SharedMemory uses the MemoryMappedFile class introduced in .NET 4, and provides a partial P/Invoke wrapper around the Windows API for versions prior to this. The library was originally inspired by the following CodeProject article: “Fast IPC Communication Using Shared Memory and InterlockedCompareExchange“.

The library abstracts the use of the memory mapped file, adding a header that includes information about the size of the shared memory region so that readers are able to open the shared memory without knowing the size before hand. A helper class to support the fast copying of C# fixed-size structures in a generic fashion is also included.

The project source can be found on GitHub and Codeplex, with binaries available via Nuget and Codeplex.

What is a memory mapped file?

A memory-mapped file is an area of virtual memory that may have been mapped to a physical file and can be read from and written to by multiple processes on the same system. The file or portions thereof are accessed via views to one or more processes as a contiguous block of memory. Each view can then be read/written to using a memory location.

A memory-mapped file can be created as one of two types:

  • persisted: mapped to a physical file, and
  • non-persisted: in-memory only,  commonly used for inter-process communication (IPC).

A memory-mapped file is referenced using a unique name, unlike named pipes however a memory-mapped file cannot be accessed directly over a network.

The Circular Buffer

I began this project when I couldn’t find a good .NET implementation of a circular buffer in order to implement fast double/n-buffered transfer of image data between processes.  The lock-free approach to thread synchronisation presented in the above article appealed to me, however it had a number of limitations and bugs that had to be overcome such as only supporting a minimum of 3 nodes rather than 2.

A circular buffer, circular queue, cyclic buffer or ring buffer is a data structure that uses a single, fixed-size buffer as if it were connected end-to-end. – Wikipedia

To achieve a lock-free implementation, a single node header and multiple node records are used to keep track of which nodes within the buffer are available to be written to, those that are currently being written to, and the nodes that are currently being read from.

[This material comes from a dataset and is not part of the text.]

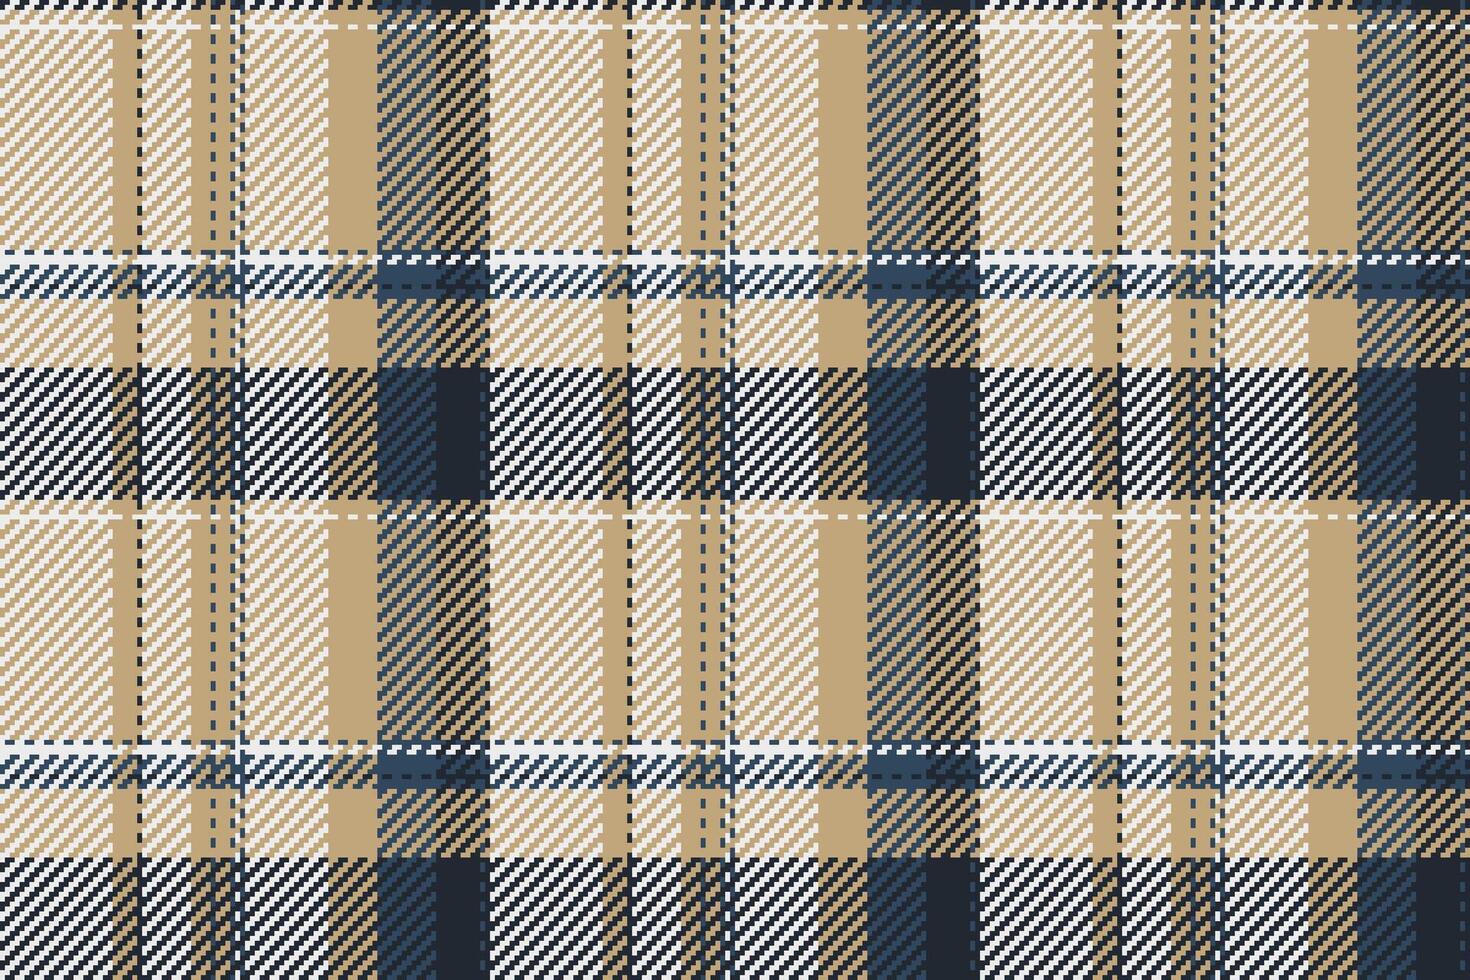 Menswear pattern seamless plaid, graphical tartan fabric textile. Summer vector texture background check in amber and white colors.

Thread synchronisation is performed by using a combination of Interlocked.CompareExchange and EventWaitHandle‘s.

Circular Buffer Diagram
Circular buffer lock-free implementation

Each node is essentially a set of integers indicating the node’s index within the buffer, flags for whether it is ready to be written to or read from, and the offset within the shared memory buffer where the data for the node is actually located.

Circular Buffer Memory Layout
Circular Buffer memory layout within SharedMemory buffer

Performance

The maximum bandwidth achieved was approximately 20GB/s, using 20 nodes of 1MB each with 1 reader and 1 writer. The .NET 3.5 implementation is markedly slower, I believe this is due to framework level performance improvements.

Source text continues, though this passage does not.